Mr. Kanso

Foodie Friday, and today we have something a little on the weird side.  It’s a chain of “restaurants” (you’ll see why I’m using quotes in a second) in Japan called Mr. Kanso.  The first one opened in Osaka in 2002 and became so successful that it now has 17 other locations across Japan.  This is a pretty good summary of the business:

Mr. Kanso has no menus, only shelves stacked with hundreds of different types of canned food from across the globe. Customers choose from such delicacies as “Todo niku kare” (sealion curry), canned cocktail sausages, French salad, and whale meat (tut tut, Mr. Kanso) – all served cold in a can and gobbled up with plastic cutlery.

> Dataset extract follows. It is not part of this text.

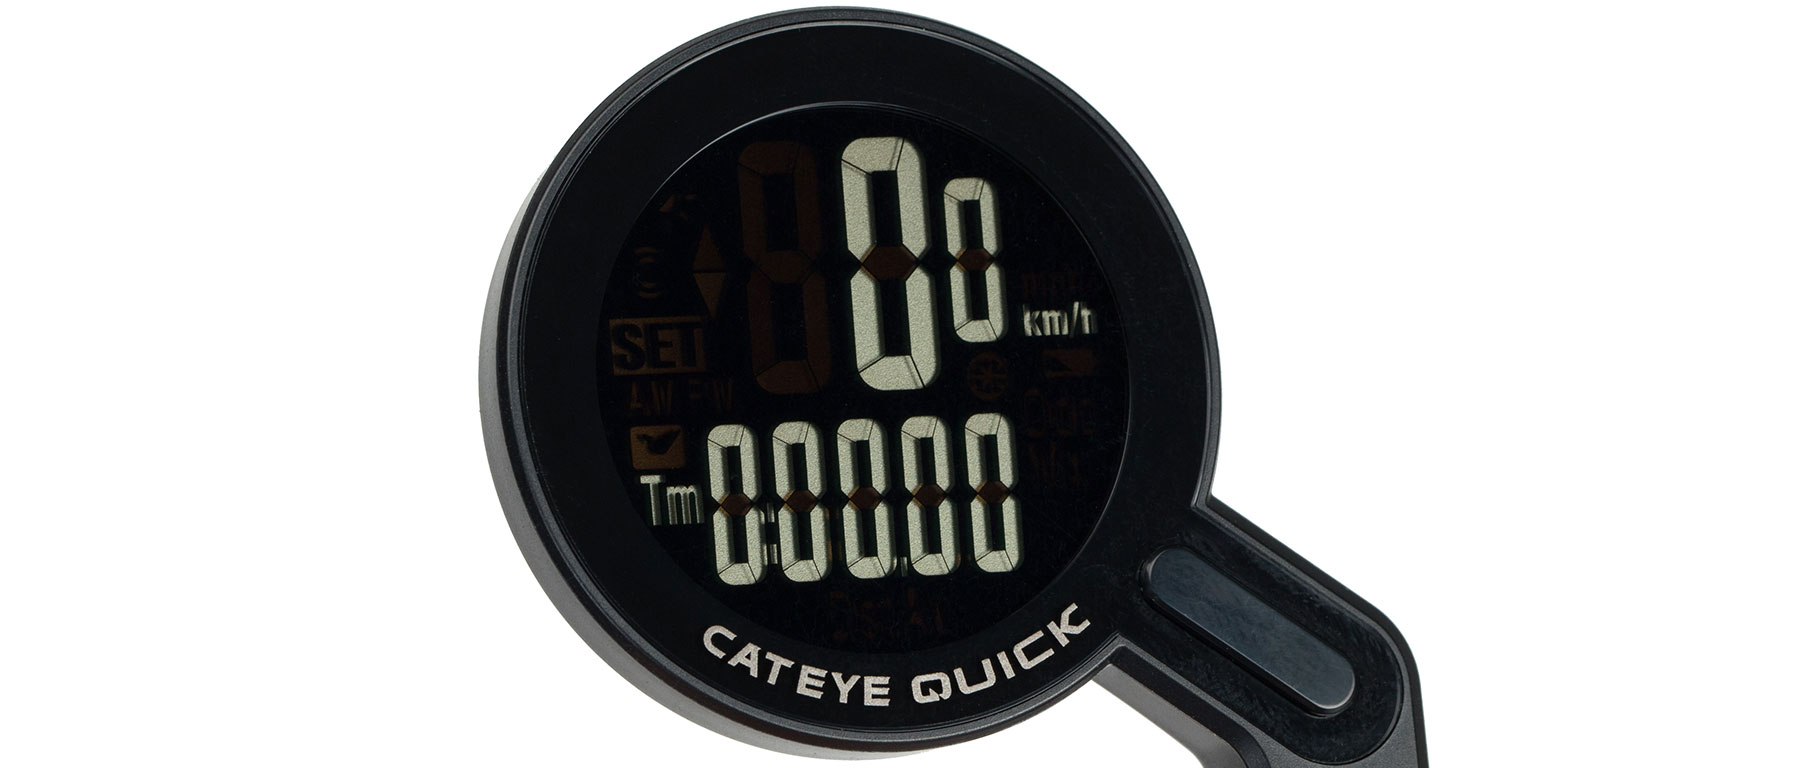 CatEye Quick Cycle Computer

That’s right – diners visit Mr. Kanso and select their food from a shelf.  It’s not heated up, just opened.  As best I can determine, these are not the same cans one can find in a market.  All of them have a Mr. Kanso label so I’m assuming the chain has them made to their specifications.  I don’t get it from a consumer perspective although I guess if the contents of the cans are really yummy it makes a bit more sense.  Honestly, Hokkaido bear curry isn’t really my can of tea but apparently it’s the variety that keeps customers coming back for more.  There is, however an interesting business point here.

Think about it.  No cooking means no kitchen and no cooks.  The start-up costs are substantially lower than those of a regular restaurant.  The food doesn’t spoil, at least not in days or weeks.  The food is reasonably priced – drinks run about $5 and the cans cost between $2 and $20 (I’m not sure what that one contains) and the margins must be excellent.  The cutlery gets thrown away so no dishwashers.  In short, it’s a low investment cost, high margin business.  As long as the appeal is there, and it certainly seems to be, this is exactly the sort of model any of us can emulate.

Honestly, if a Mr. Kanso came to my town I’d probably go check it out.  Reasonably-priced food with an amazing selection has some appeal even if the dining experience has less.  The business appeal, however, is first-rate.  Thoughts?